O ano é 1916, na Europa conflagrada pela guerra entre franceses e alemães, mas por enquanto não um conflito mundial, já que os EUA ainda não chegaram. Quer dizer, não em massa, porque uns poucos voluntários já estão na França para se juntar à Esquadrilha Lafayette, esquadrão de elite de aviadores. E mesmo ainda sem se conhecerem, os americanos já tem um traço em comum: são todos clichês ambulantes. Ou melhor, voadores.
É impossível que o espectador antenado nas escrituras de cinema deixe de perceber que personagens e situações e diálogos foram tirados de um compêndio de clichês do gênero guerra nos ares. O quadro geral é recorrente de filmes que percorrem a galeria de velhos clássicos do gênero dirigidos por gente do calibre de Howard Hawks e Howard Hughes.
Comece pelos personagens. O ''bad boy'', o encrenqueiro, o perdedor solitário, mas idealista em segredo Blaine Rawlings (James Franco); o raivoso-com-um-passado Reed Cassidy (Martin Henderson); há o crente, leitor da Bíblia antes das missões, o rapaz saído da tradicional família militar que descobre que a guerra é um inferno (construído em parte por sua família...); o esnobe, a tradicional vítima trágica e o sortudo. E Jean Reno perdido neste conjunto, como Monsieur Le Commandant.

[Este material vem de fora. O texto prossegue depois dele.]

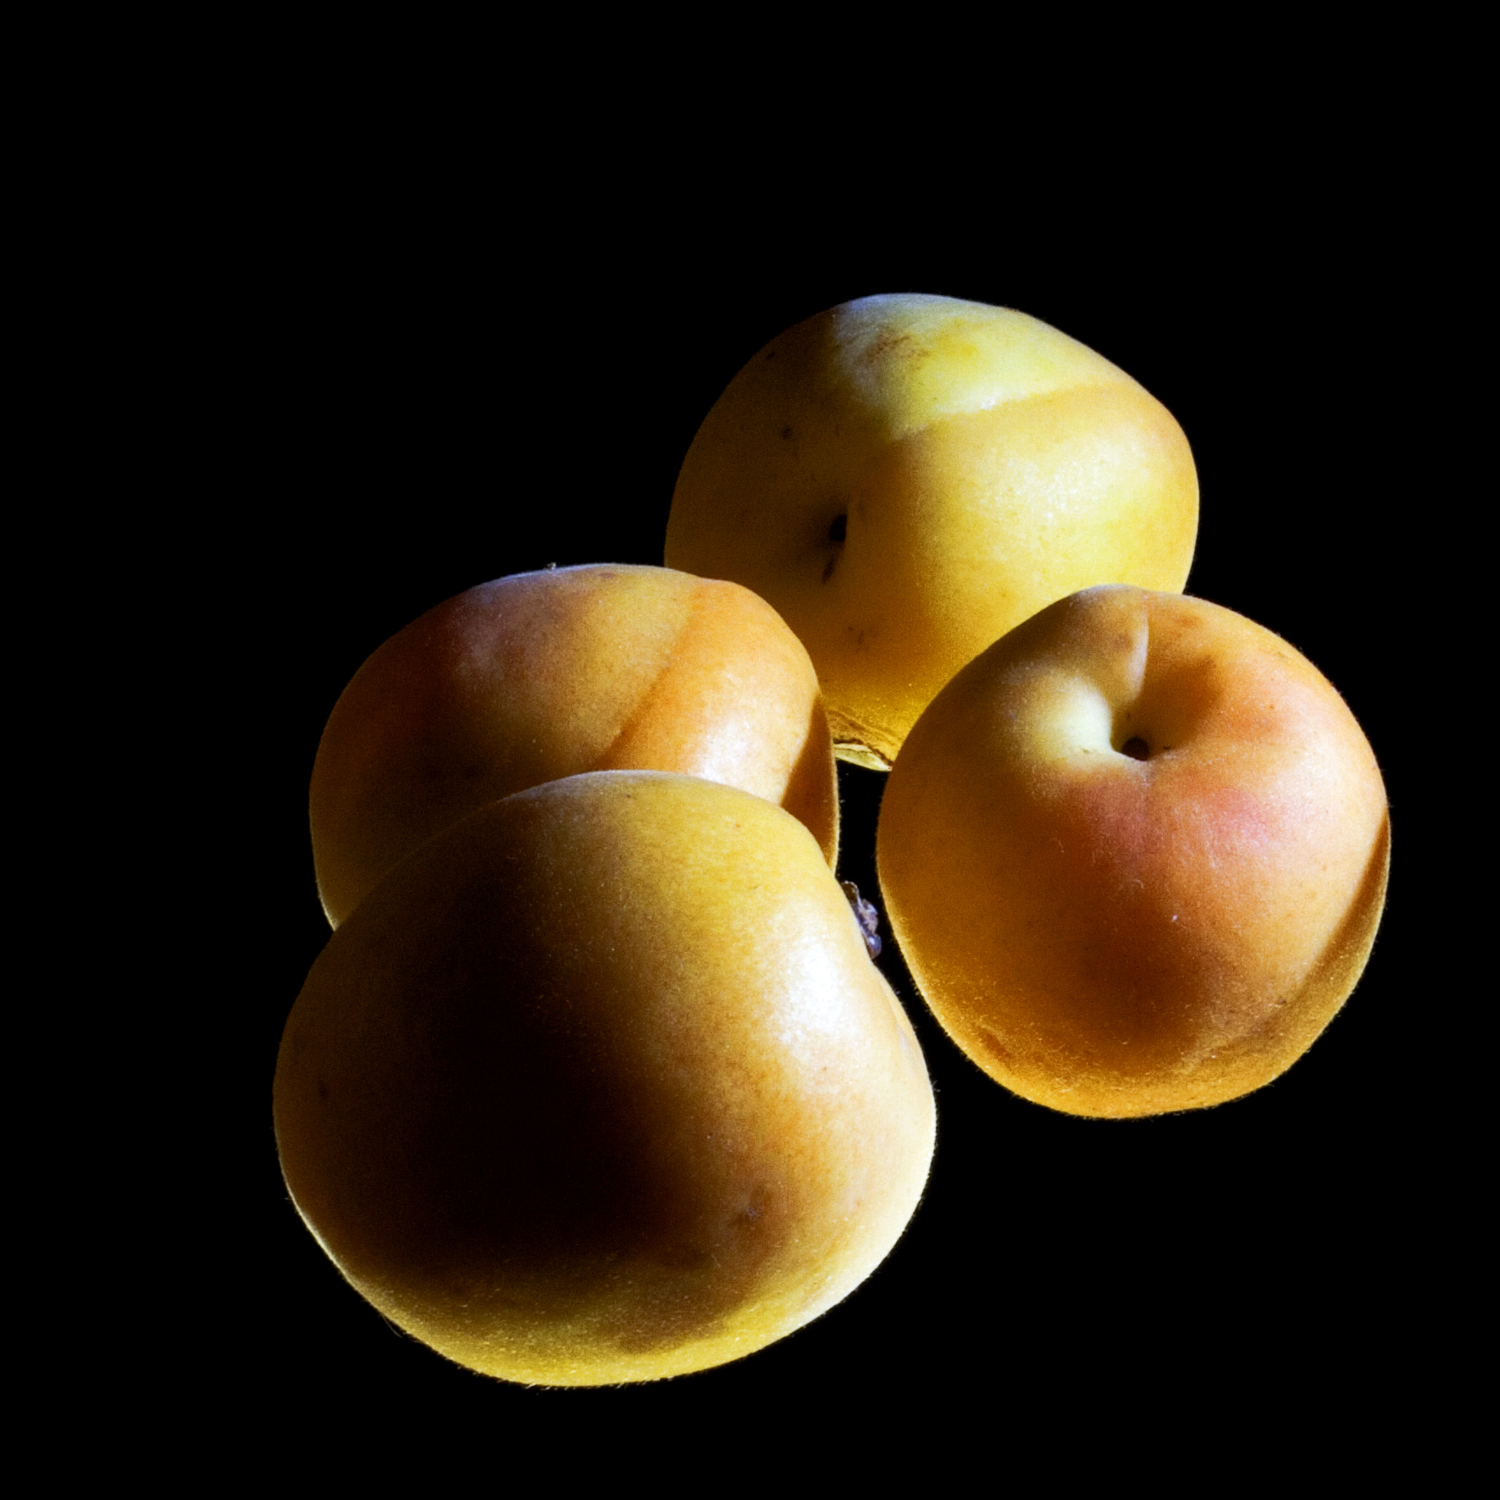 Apricots photo

Argumento? Trama? Há alguma coisa parecida, mas consiste basicamente em eventos de dramaturgia ''soap opera'', separados uns dos outros por missões aéreas perigosas. Camaradagem, confiança mútua, superação de barreiras de raça ou de classe. Há uma ''love story'' genérica. Heroísmo, bravura, valor, até mesmo um zepelim. Nada próximo de emoções autênticas, tudo muito frouxo, ao sabor das correntes aéreas.
O diretor Tony Bill não esconde o ''background'' televisivo. As cenas de ação parecem bem construídas graças às imagens geradas por computador, e que consumiram grande parte do orçamento de 60 milhões de dólares - em três semanas de exibição no mercado americano, bilheteria de US$ 6 milhões!